> [Action item]: Nothing may be left out of the listing below but its images; repeat the rest exactly.

> [Source data]:
# # # #

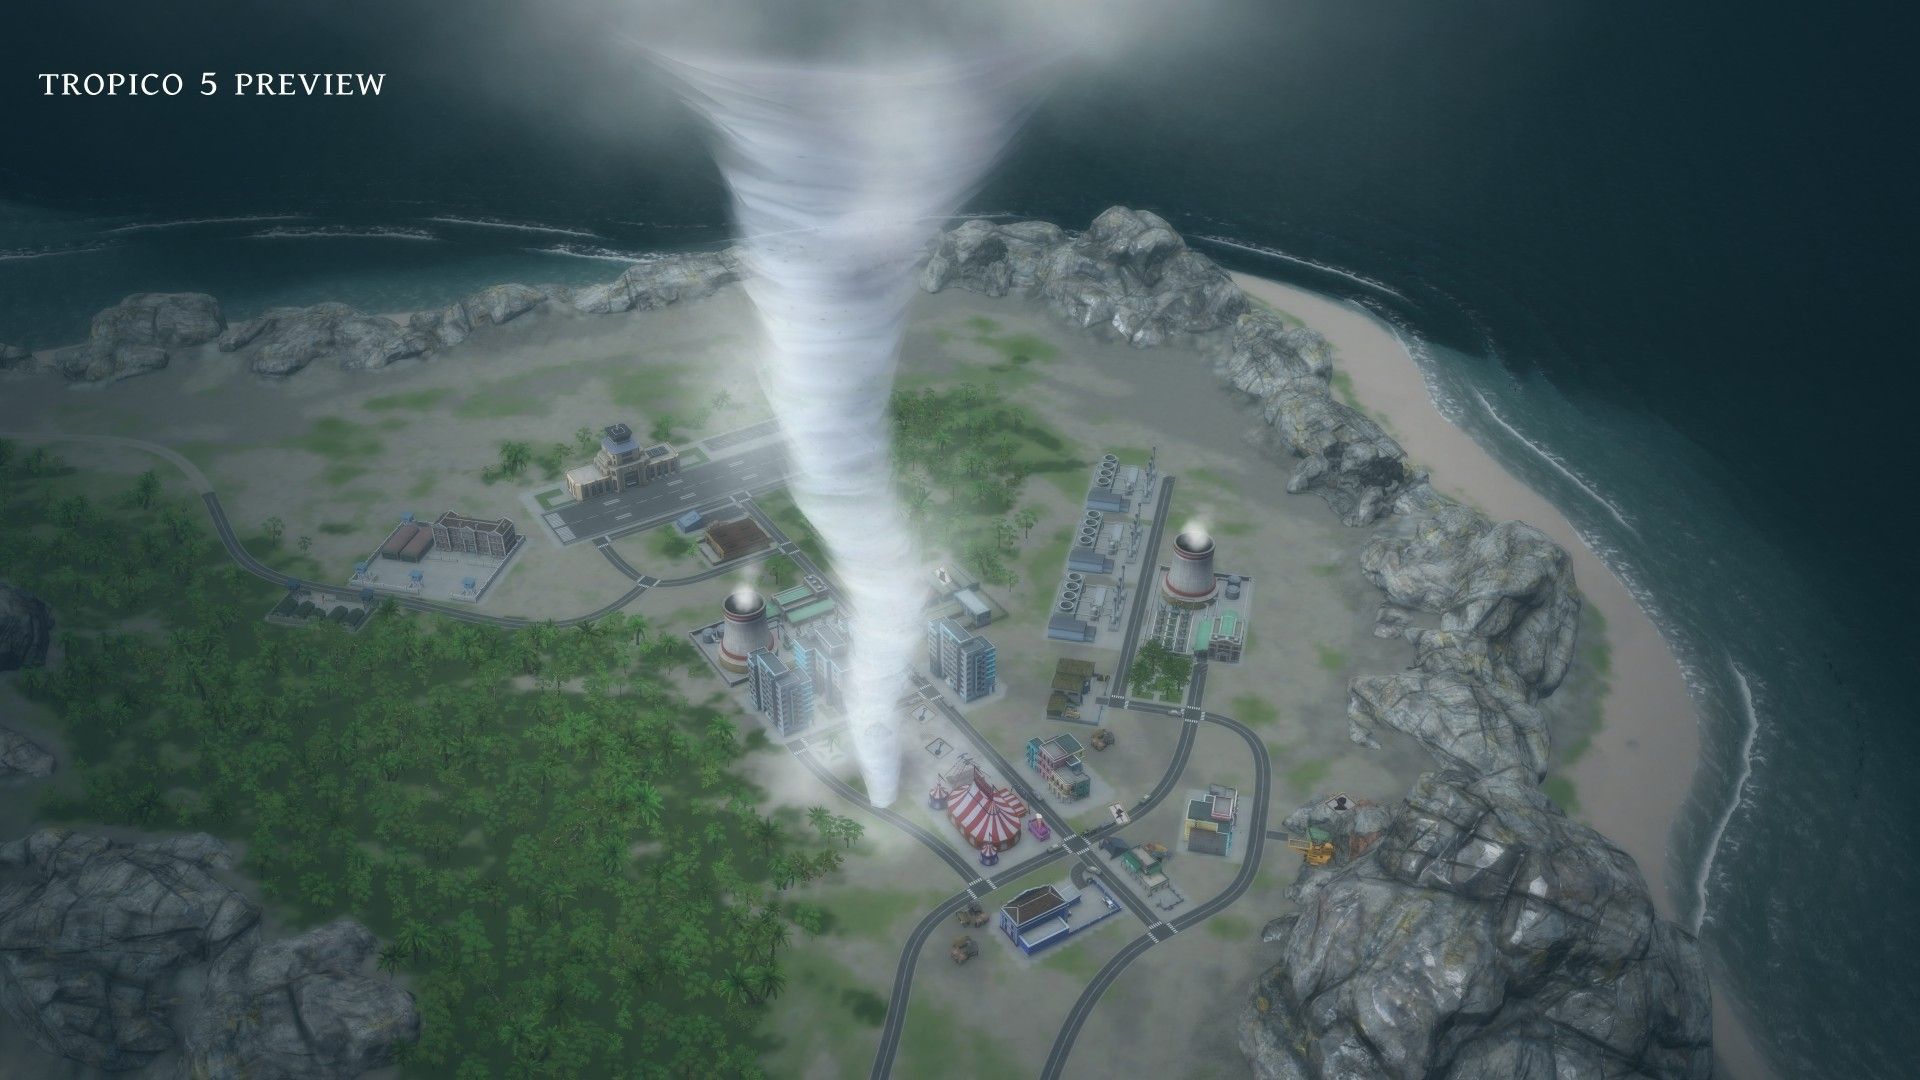 Tornadoes in the game Tropico 5 wallpapers and images - wallpapers ...
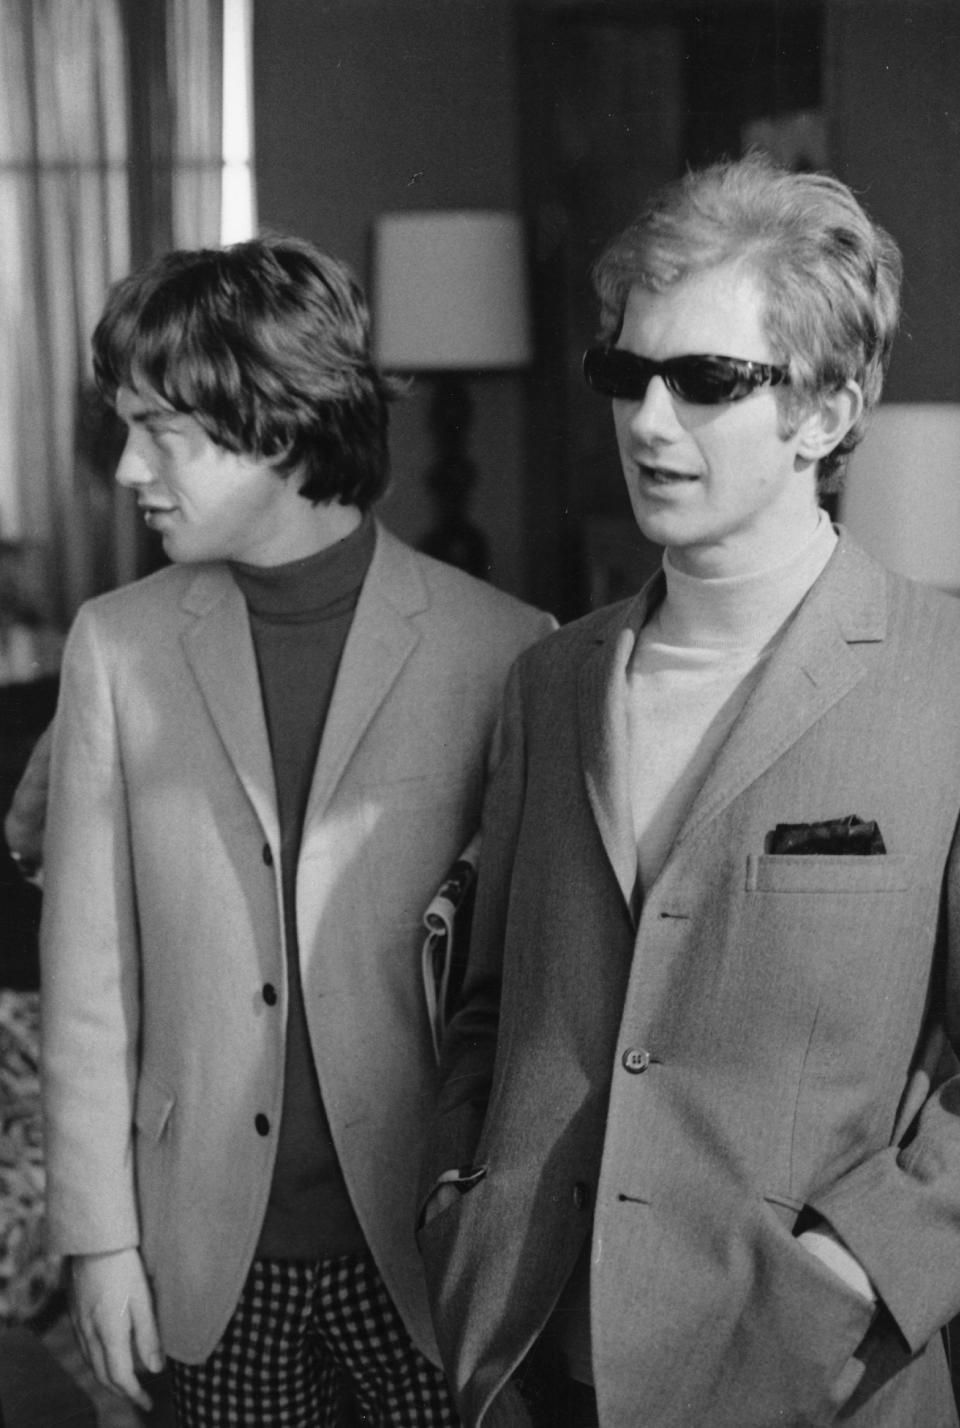 Mick Jagger and Rolling Stones manager Andrew Loog Oldham rocking a pair of smart three-button jackets in 1965.
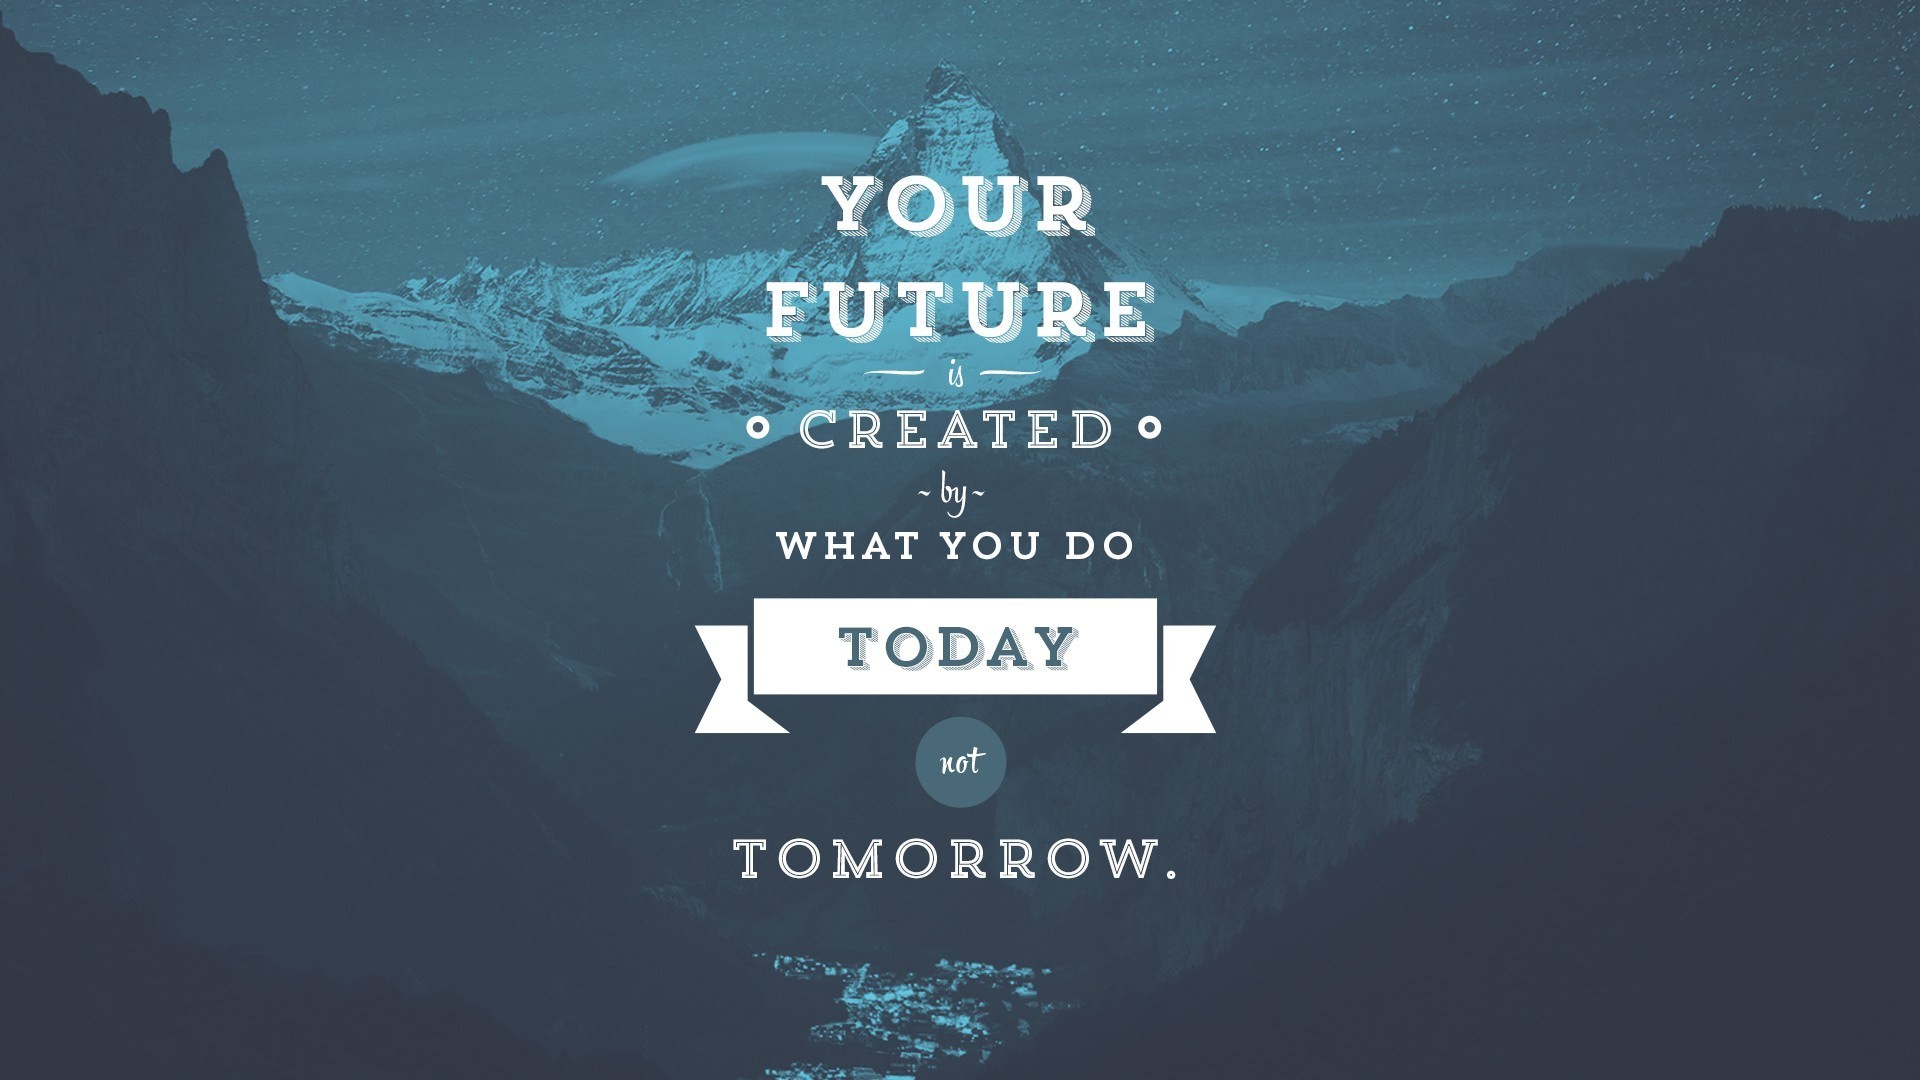 1920x1080 Motivational Wallpaper on Future: Your future is created by what you do  Today not tomorrow

# # # #

> [Task result]:
 Tornadoes in the game Tropico 5 wallpapers and images - wallpapers ...
 Mick Jagger and Rolling Stones manager Andrew Loog Oldham rocking a pair of smart three-button jackets in 1965.
 1920x1080 Motivational Wallpaper on Future: Your future is created by what you do  Today not tomorrow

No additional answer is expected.